作者:野有死鹿
“在我看来就是到了这个地步,”黄晶晶眼睛红肿,整个人疲惫极了,“我不是值得更好的吗?到底在哪呢?”
这句话很耳熟,是黎芽说的广告语。
张灯猛然惊醒,看了眼卫原野,卫原野感受到他的视线,用眼神问了一句:“怎么了?”
张灯又憋了回去。
黎麦说道:“有屁就放呀。”
“你俩神神秘秘的,”黎麦说,“我现在彻底服你们了,说啥我都信。”
张灯说:“我只是想,也许这是一种杀人的途径。”
“什么?”
“这句话,”张灯说,“有的时候语言就像是咒语一样,力量是无穷的,这句广告语仔细想想其实和她卖的口红关系不大,更像是在给人注入一种新的世界观。”
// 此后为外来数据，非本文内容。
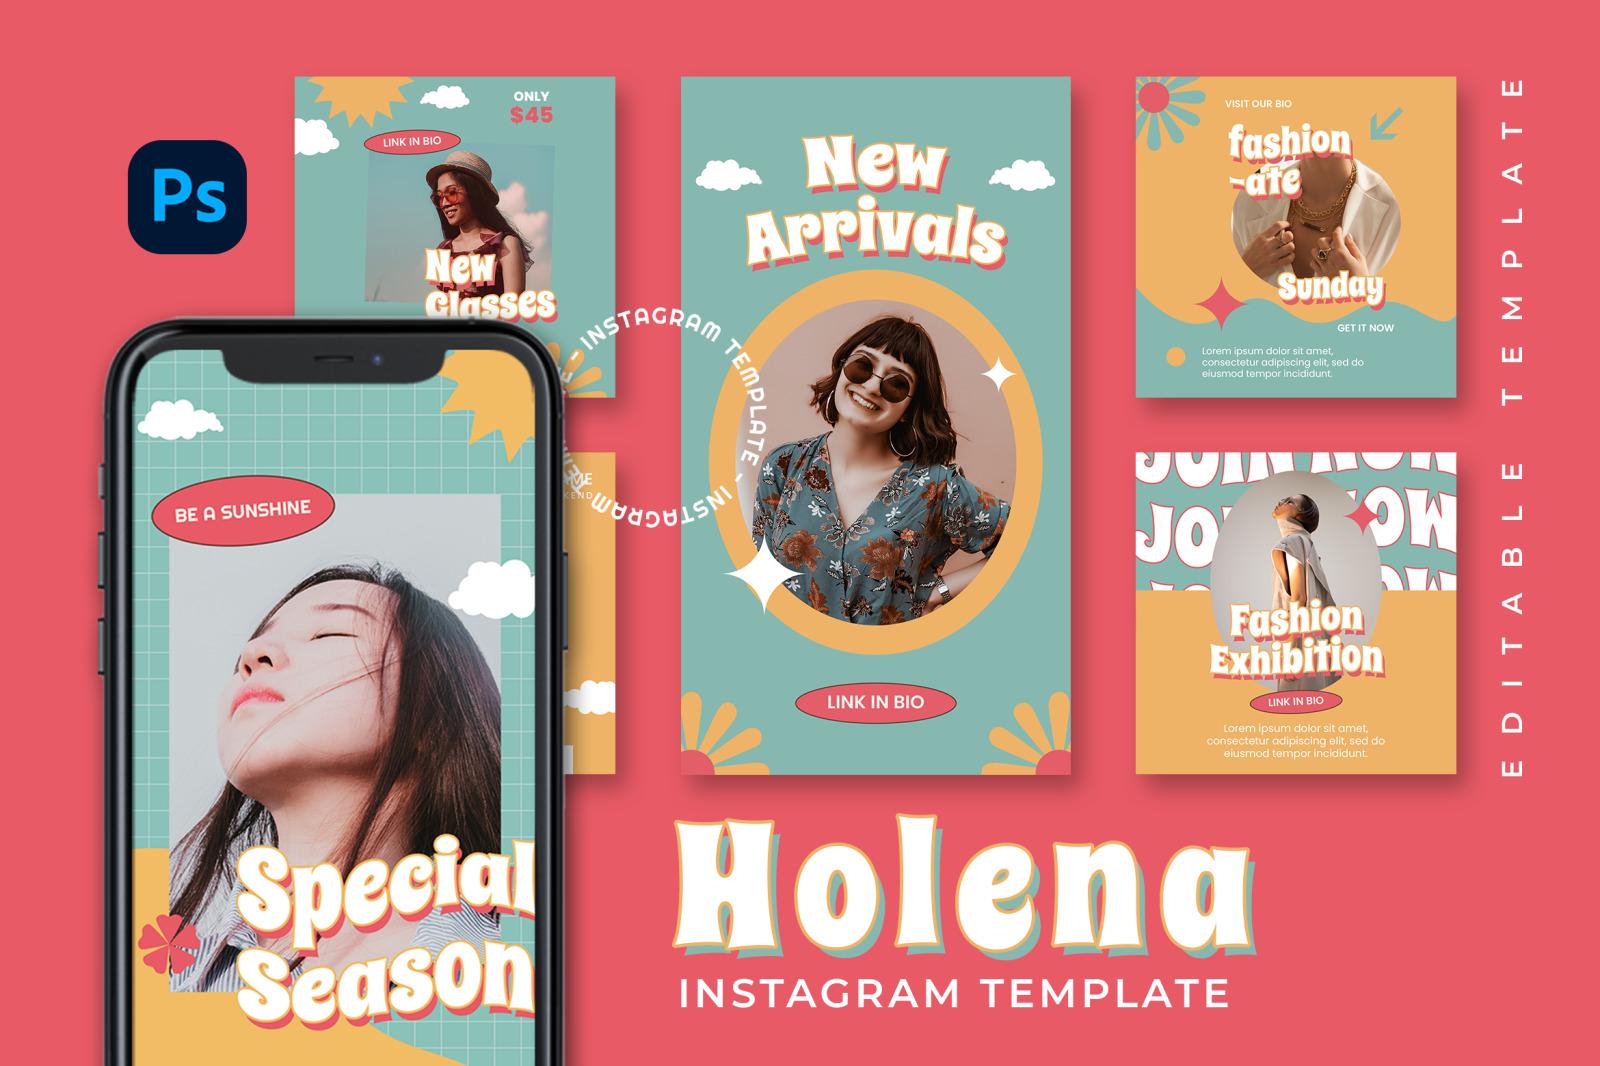 Holena Instagram Template

“你值得拥有更好的?”黎麦说,“这句话不是很对吗?”
张灯:“怎么会是对的呢?一直拥有更好的,这符合这世界的运行法则吗?吃最好的、用最好的、学习是最好的、恋爱也谈最好的,那坏的都去哪里了?这怎么可能是合理的呢?这不是在纵容无节制的欲望吗?”
黎麦:“太夸张了。”
“不是太夸张了,而是太抽象了,”张灯说,“可这就是言语给人下的咒,不在信息流中仔细甄别真假箴言,妄信别人的话,把人生的秘诀总结成简短的几句话,这件事本身就是危险的。”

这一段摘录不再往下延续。